#### Supplied information:
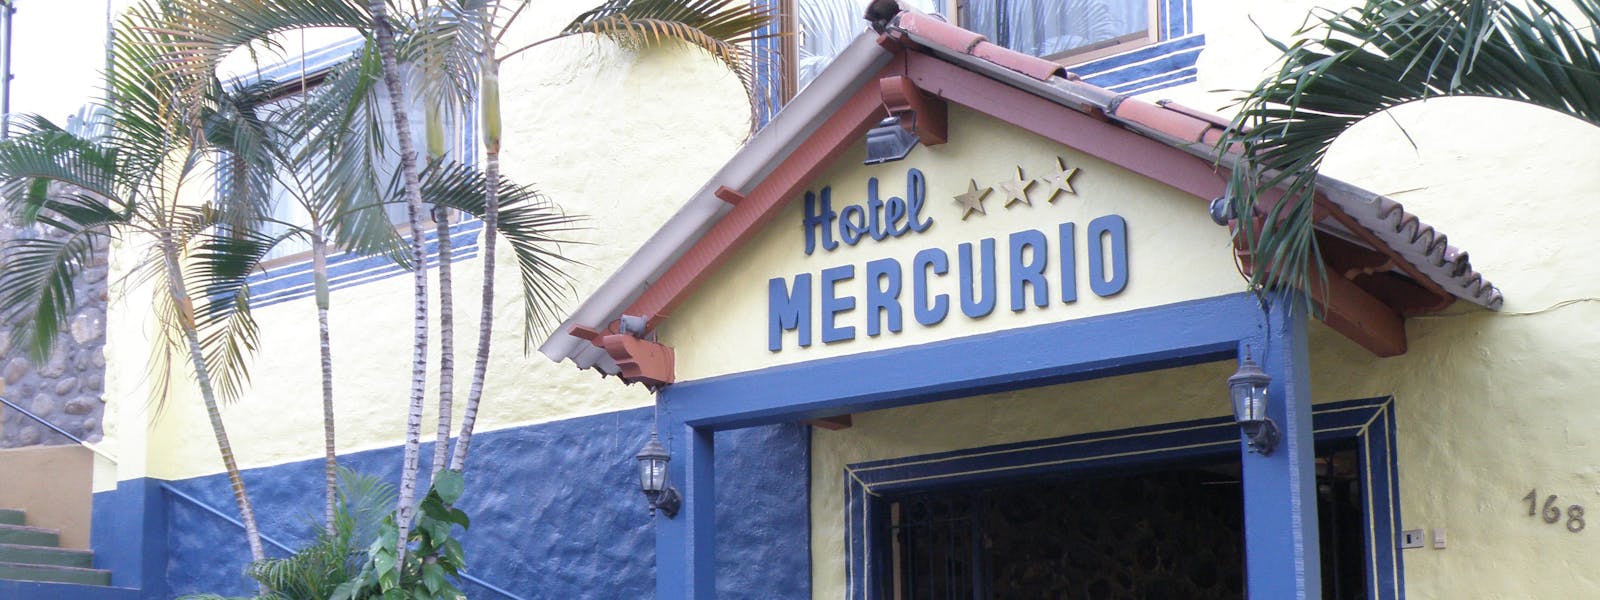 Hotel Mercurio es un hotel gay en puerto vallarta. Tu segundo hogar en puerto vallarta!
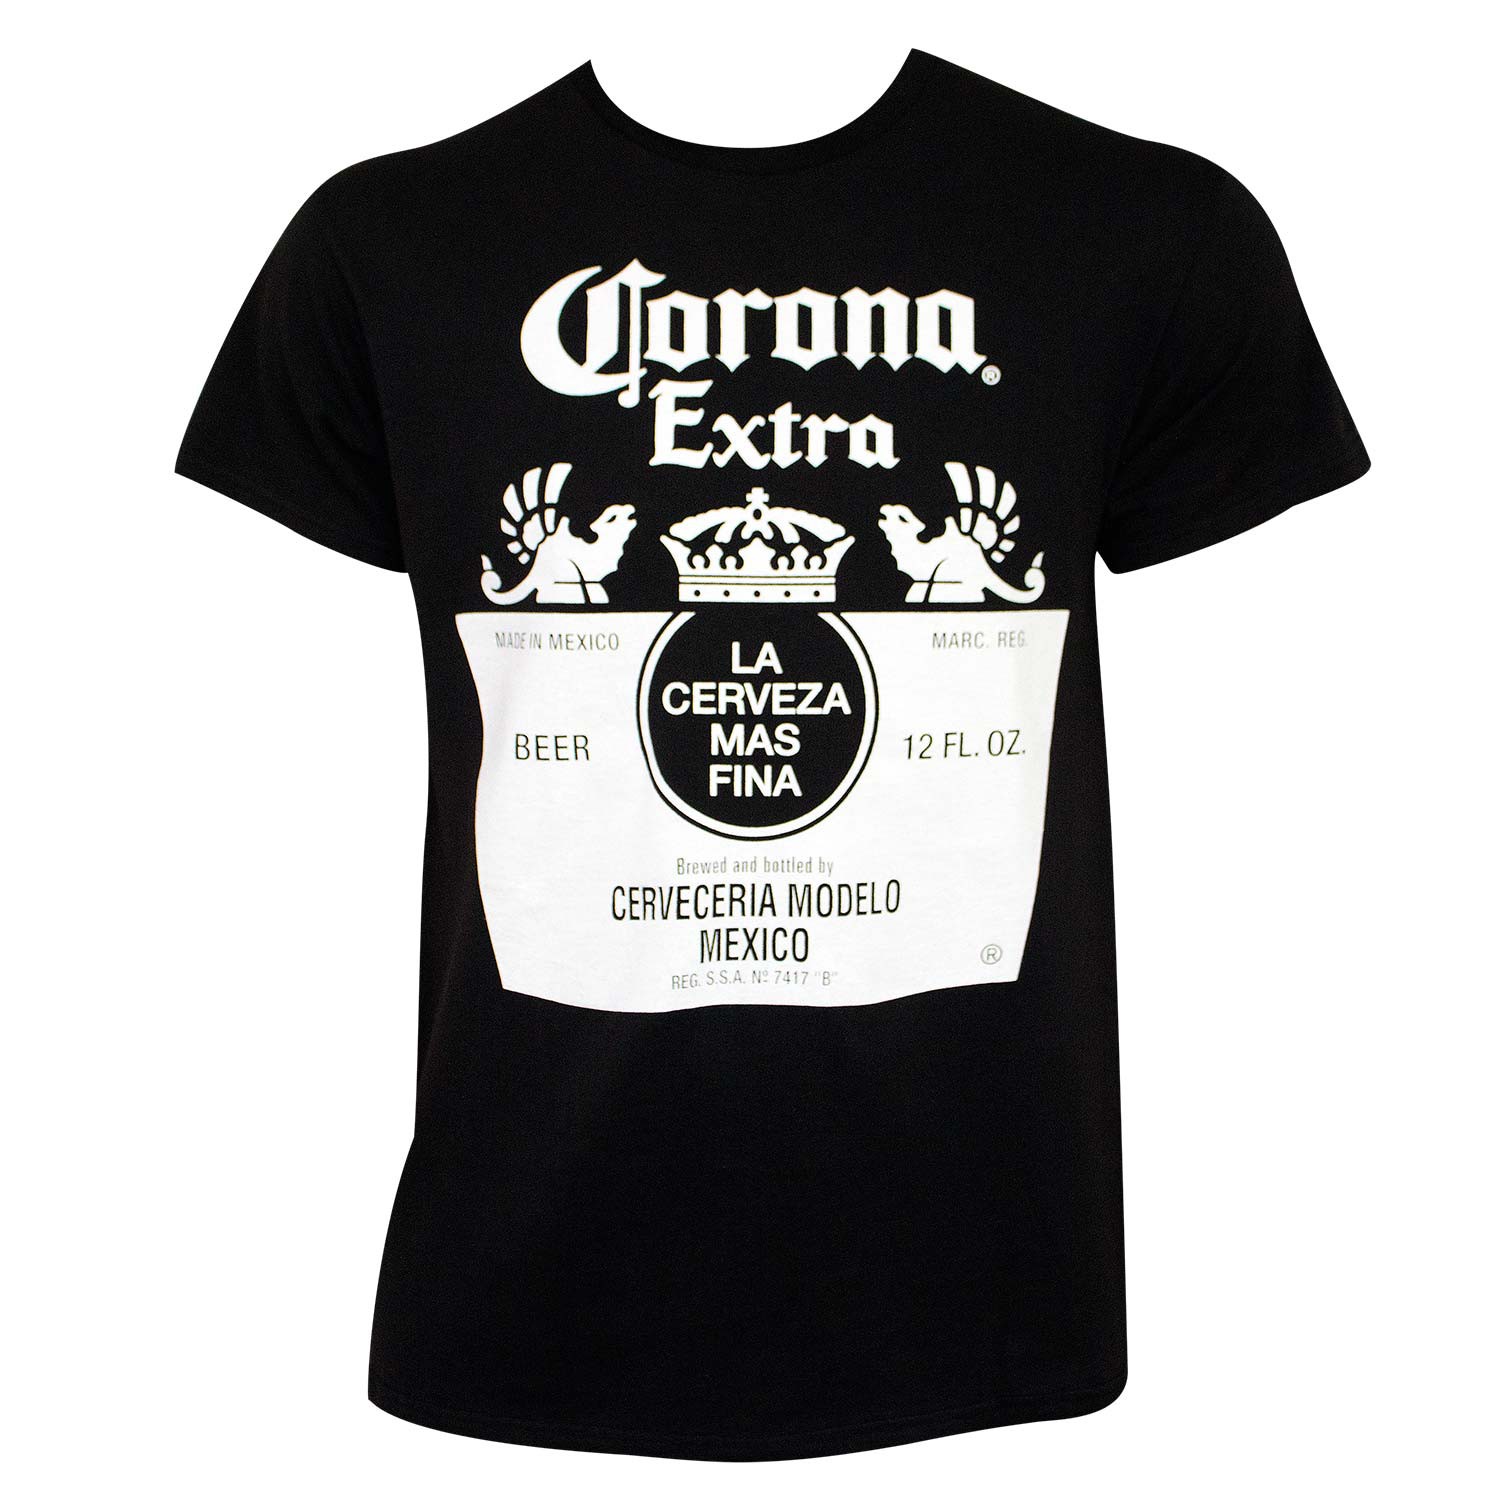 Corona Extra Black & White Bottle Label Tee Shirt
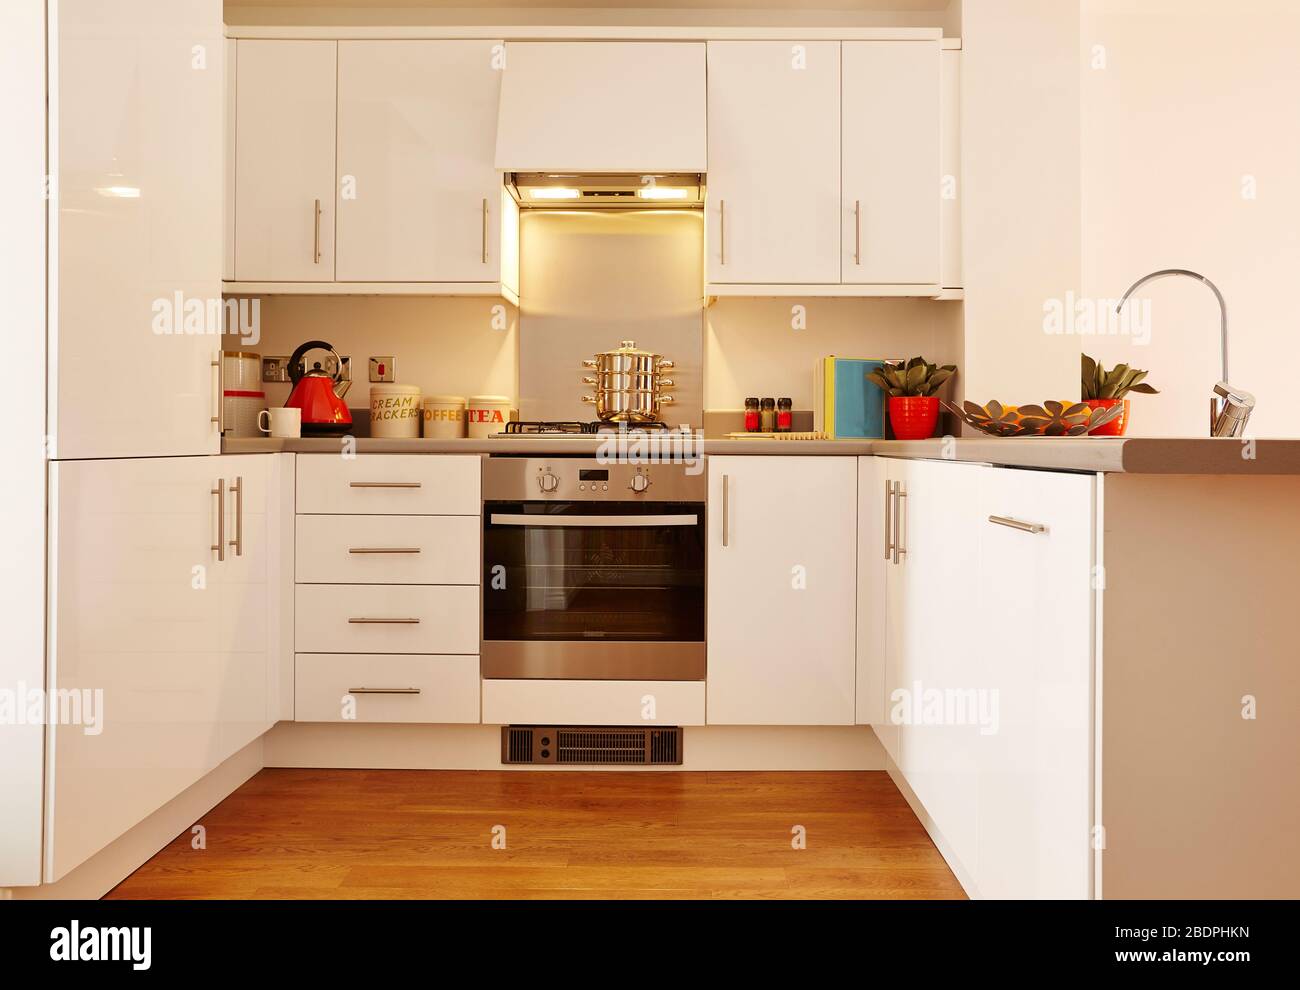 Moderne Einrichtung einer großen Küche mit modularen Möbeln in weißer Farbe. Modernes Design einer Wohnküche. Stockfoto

#### Instructions for the task:
The task requires that every line above be transcribed exactly, without the images.

#### Response to this exercise:
 Hotel Mercurio es un hotel gay en puerto vallarta. Tu segundo hogar en puerto vallarta!
 Corona Extra Black & White Bottle Label Tee Shirt
 Moderne Einrichtung einer großen Küche mit modularen Möbeln in weißer Farbe. Modernes Design einer Wohnküche. Stockfoto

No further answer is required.